◆ Data excerpt:
####
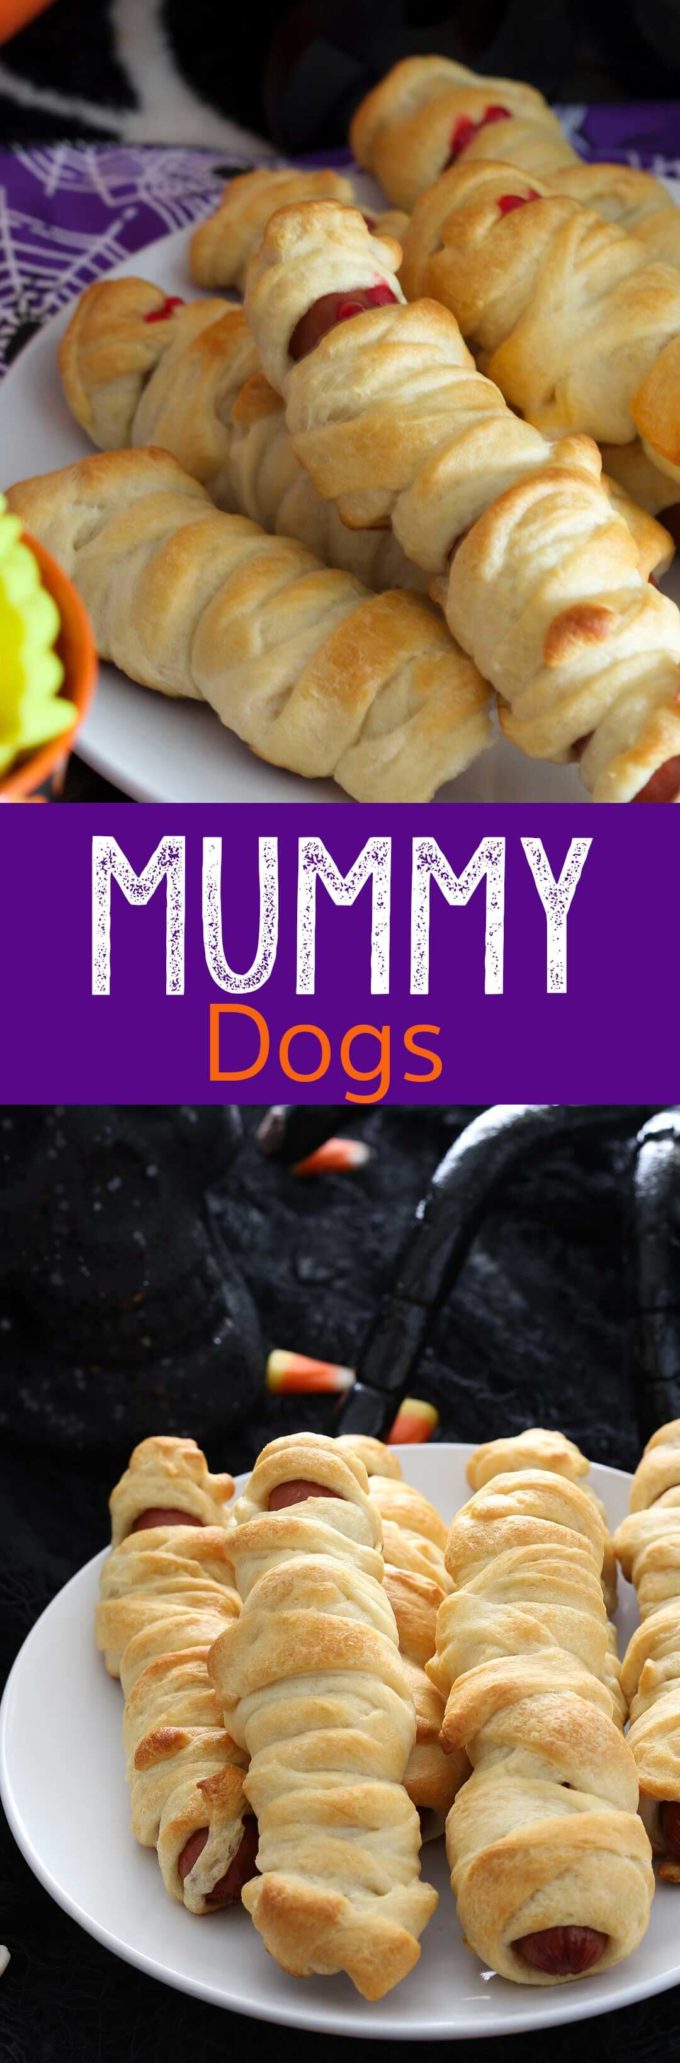 Mummy Dogs, are a perfect meal for Halloween night and lots of fun for the kids! Mummy Dogs are a fun, festive, and easy meal.
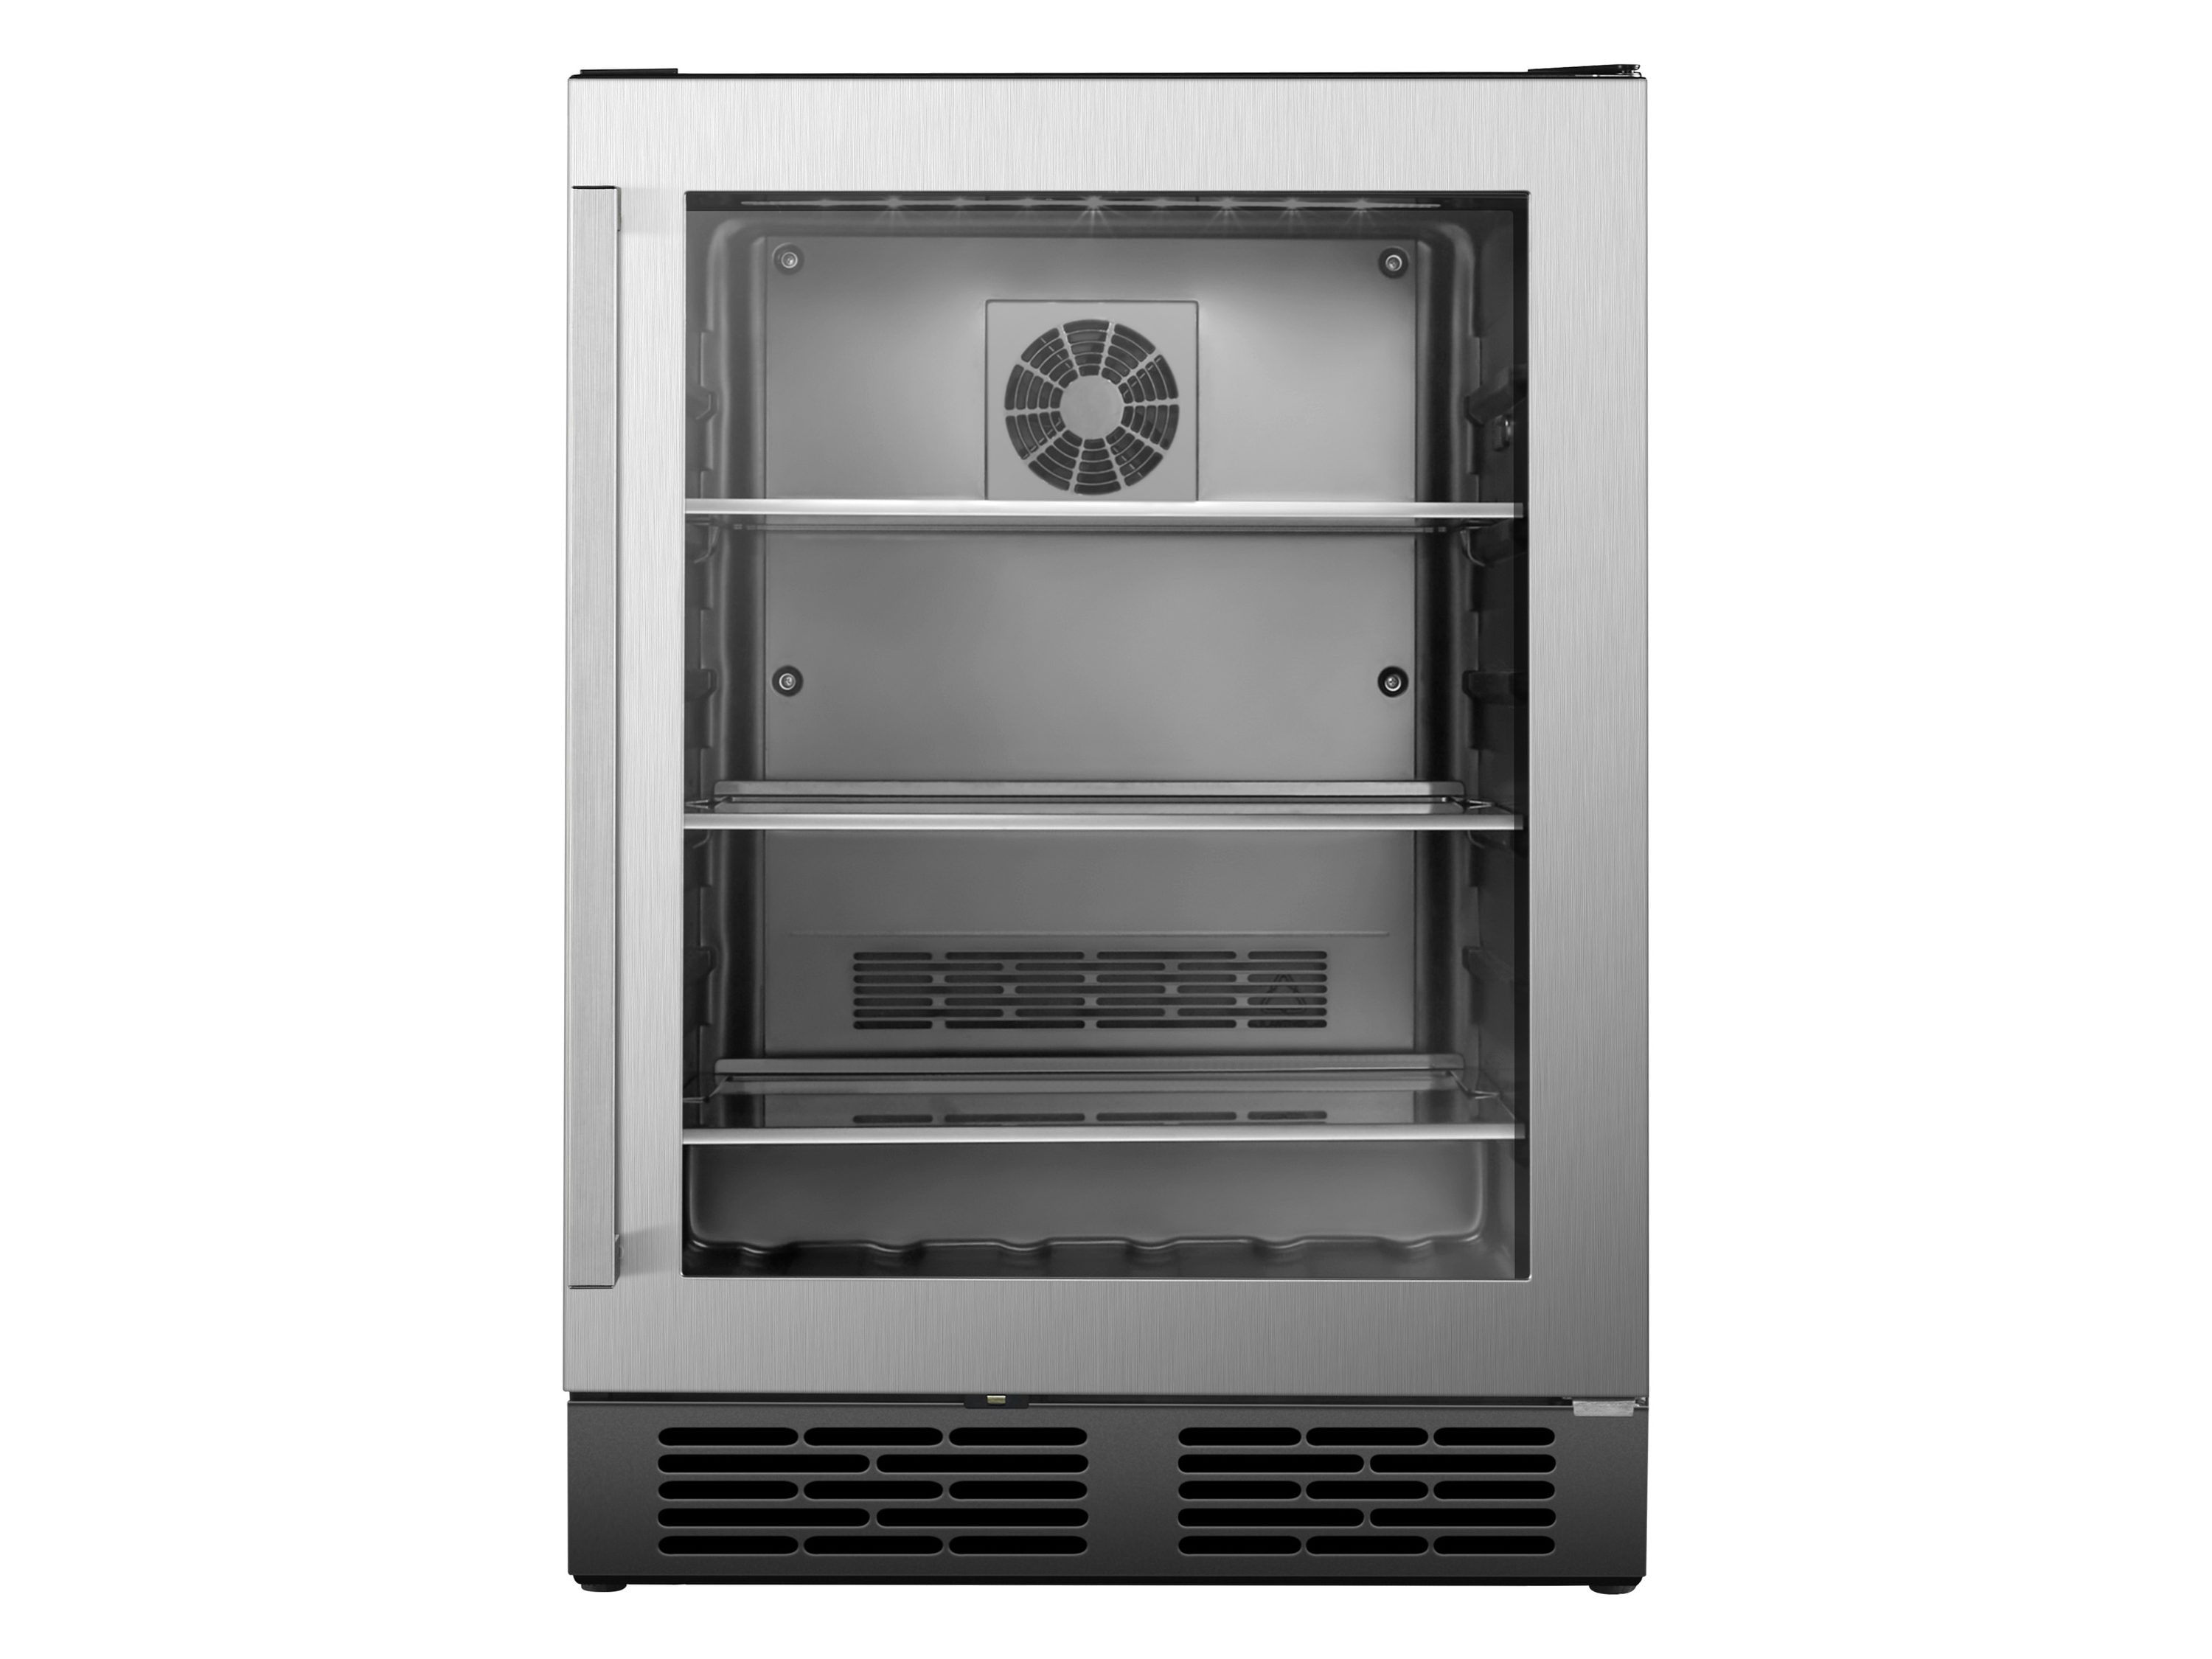 Hisense 23.43-in W 140-Can Capacity Stainless Steel Freestanding Beverage Refrigerator on Sale At Lowe's
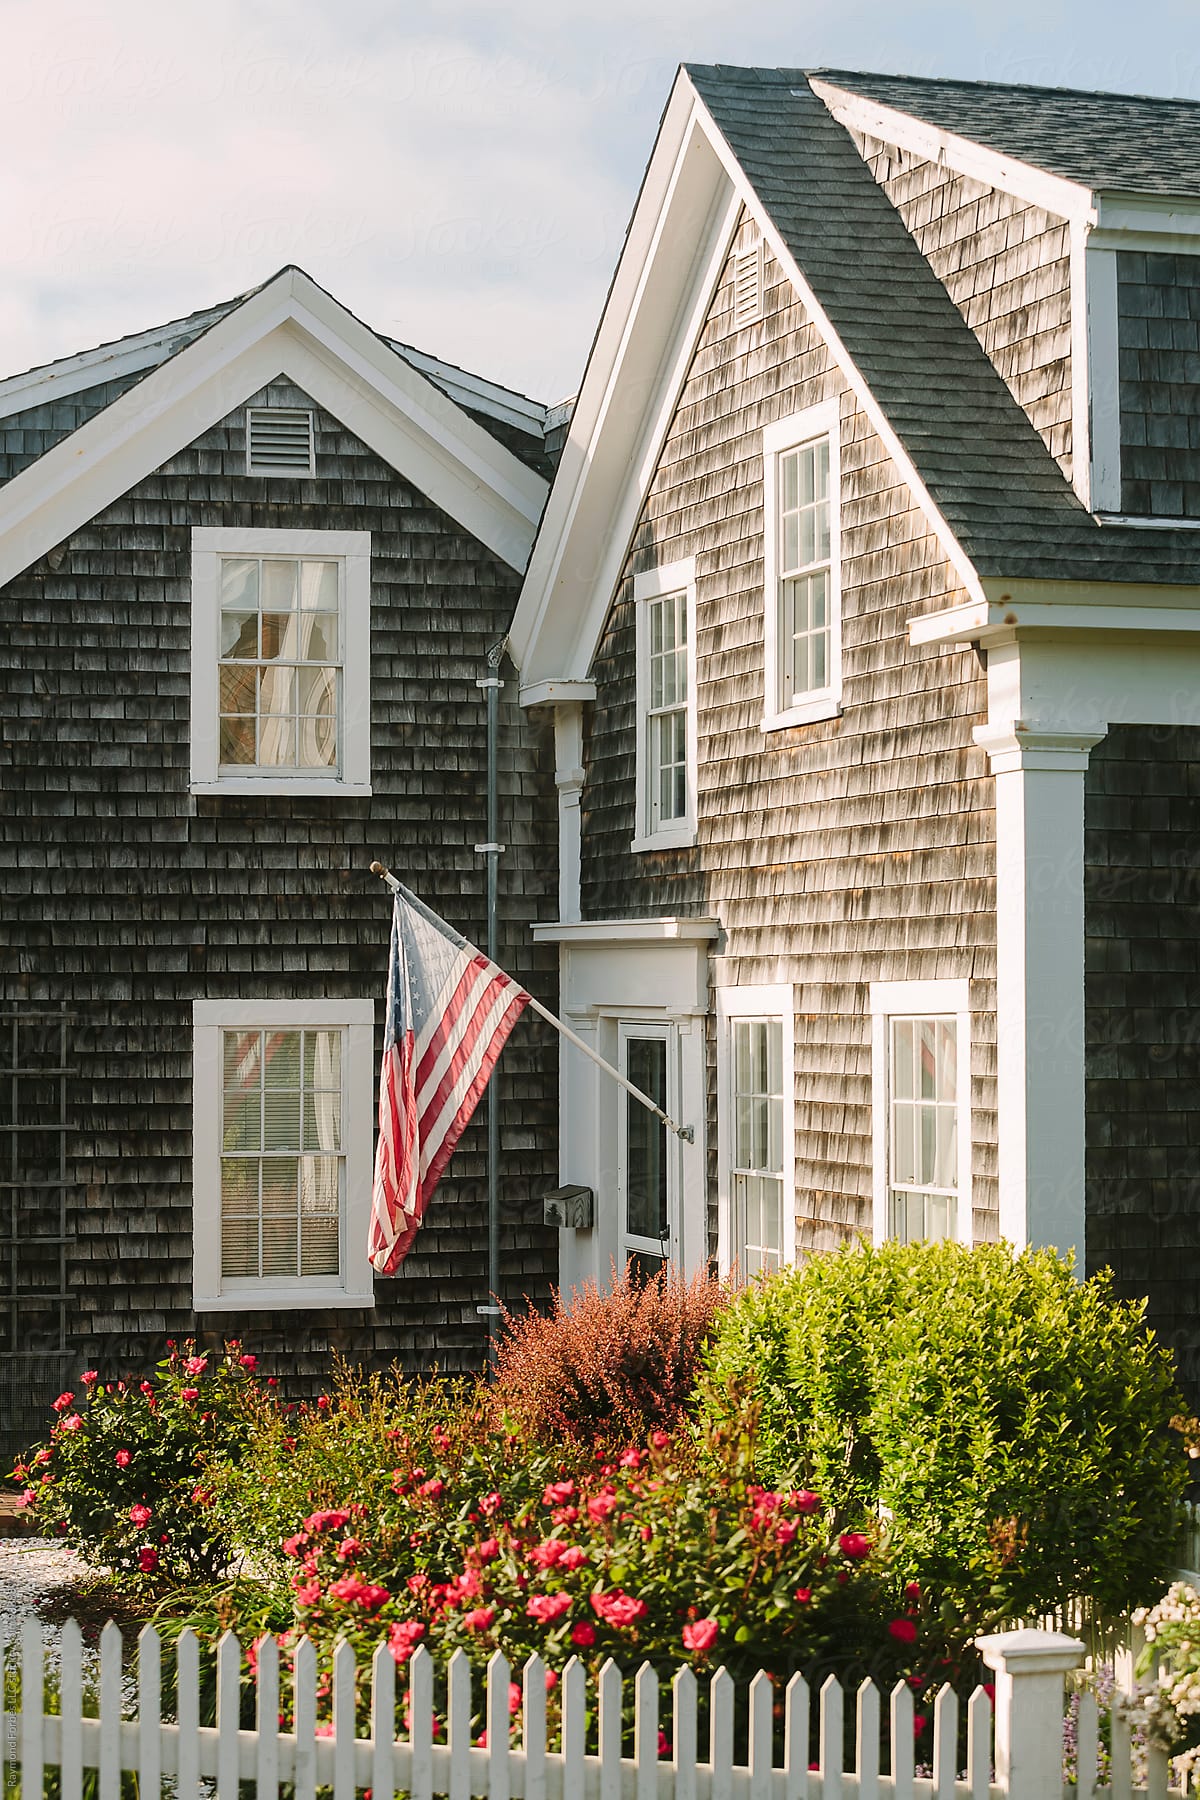 Cape Cod Style House with American Flag
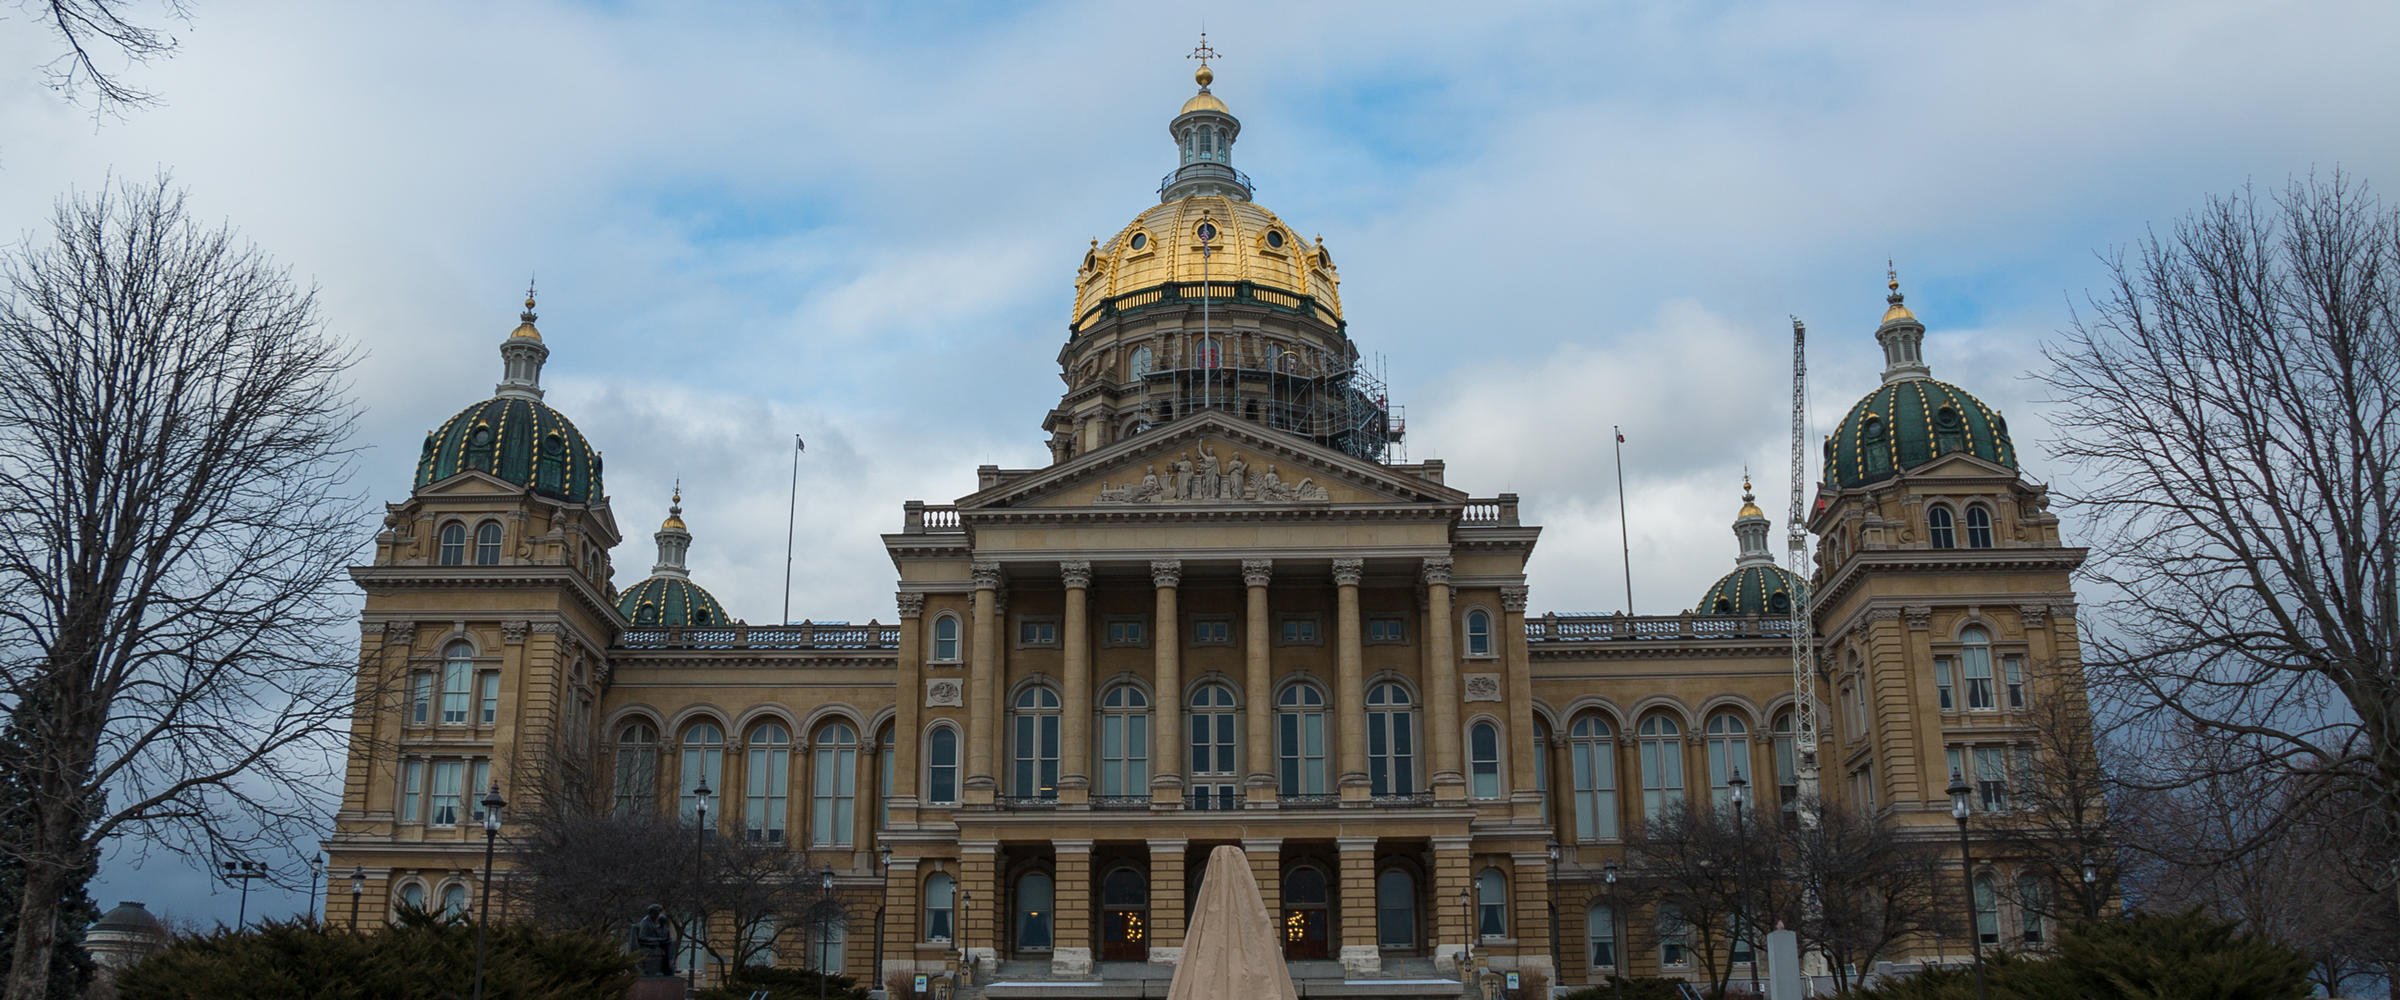 Under the Golden Dome: Insurance, Licenses & Energy 3/9/2018 | Iowa ...
####
◆ The task:
Give again, word for word, the lines above from the one with "Cape Cod Style House with American Flag" through the final line of the data, both ends included. Do not copy any picture.

◆ Your response:
 Cape Cod Style House with American Flag
 Under the Golden Dome: Insurance, Licenses & Energy 3/9/2018 | Iowa ...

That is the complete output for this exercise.